Monday, November 18, 2013
By PETER SOBERLAK
Brian Burke’s recent statement in reaction to the Miami Dolphins' scandal and questions posed to him about hazing and bullying should be taken with a grain of salt.
Certainly, as the leader of an organization -- he is the president of hockey operations with the NHL's Calgary Flames — it is commendable to make players and staff aware of a "no hazing" policy and address the issue in a proactive fashion. However, unless there are programs and policies in place that educate and make individuals aware of the issues at a deeper level, the effort is futile.
Bullying, abuse and harassment is not only about the overt physical assaults and public humiliation that take place in many hazing rituals, it also is about the invisible psychological trauma that victims suffer from in isolation that needs to be addressed.
We need to look at victims of bullying and abuse as individuals and refrain from painting all athletes or employees with the same brush.
Burke's example of how he would deal with locker-room bullying if it were him ("Now I know as a player, if I felt I was getting bullied, I know what I'd do — I'd end it right there in the dressing room. Whether I wanted to fight or not, I'd fight the guy. I'm amazed that this has gotten to where it is without the players dealing with this.") — is an extremely narrow-minded and unrealistic approach to addressing an issue that has become a major concern in all aspects of society.
Would it be appropriate for an individual working in the front office who was being harassed either physically or emotionally to physically assault a colleague to deal with the situation? Why is it any different in a locker-room setting?
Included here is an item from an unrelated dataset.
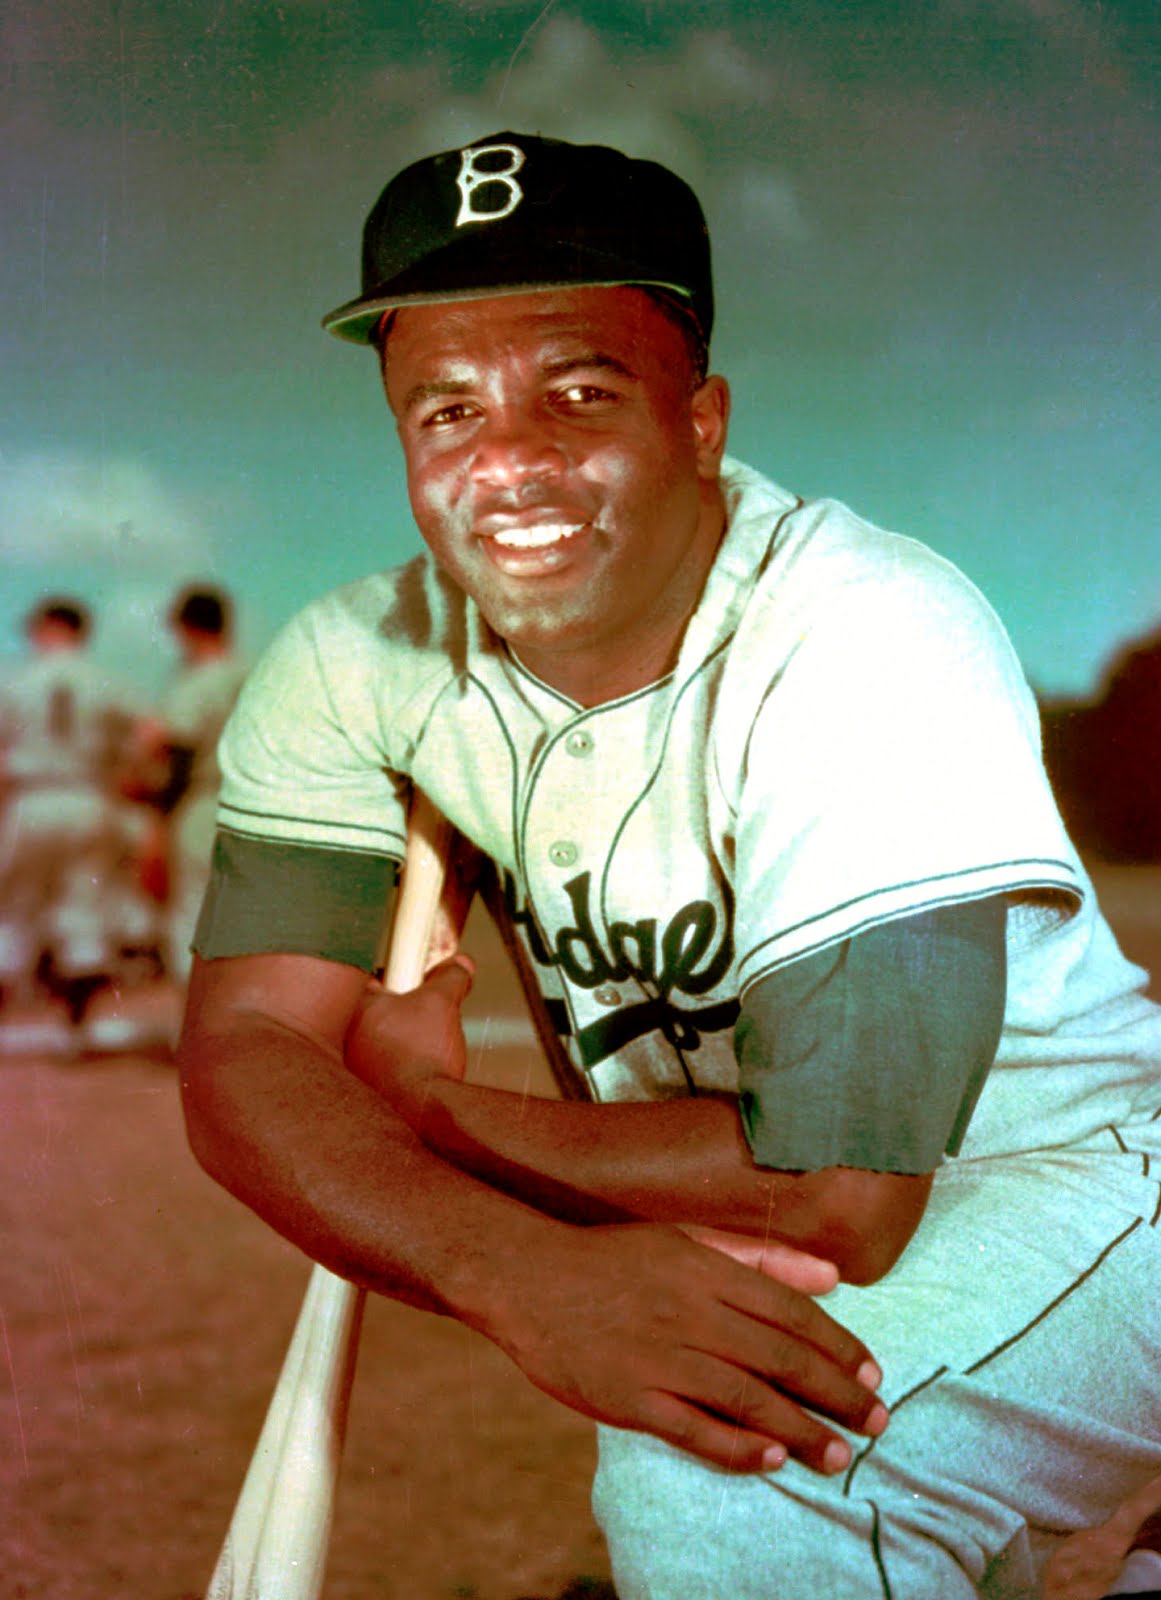 JACKIE ROBINSON (1919-1972) HALL-OF-FAME BASEBALL PLAYER-CIVIL RIGHTS ADVOCATE-BUSINESSMAN

The main issue with bullying, abuse and harassment is that it affects different people in different ways. The suck-it-up-and-punch-him-out approach mentality is simply archaic and short-sighted, and I would expect more from a man of Burke’s experience and knowledge.
I would hope that with the recent attention to the issue of bullying, abuse and harassment in the work place, leaders such as Brian Burke would refrain from taking a defensive approach, grounded in denial and bravado, and seize the opportunity to encourage discussion that is realistic, acceptable and productive.
(Peter Soberlak is a former WHL player who now is the chair of the physical education department at Thompson Rivers University in Kamloops. He has a bachelor's degree in psychology from UBC and a master's degree in sport and exercise psychology from Queen's University. He works in sports psychology with TRU's athletic teams and with the WHL's Kelowna Rockets.)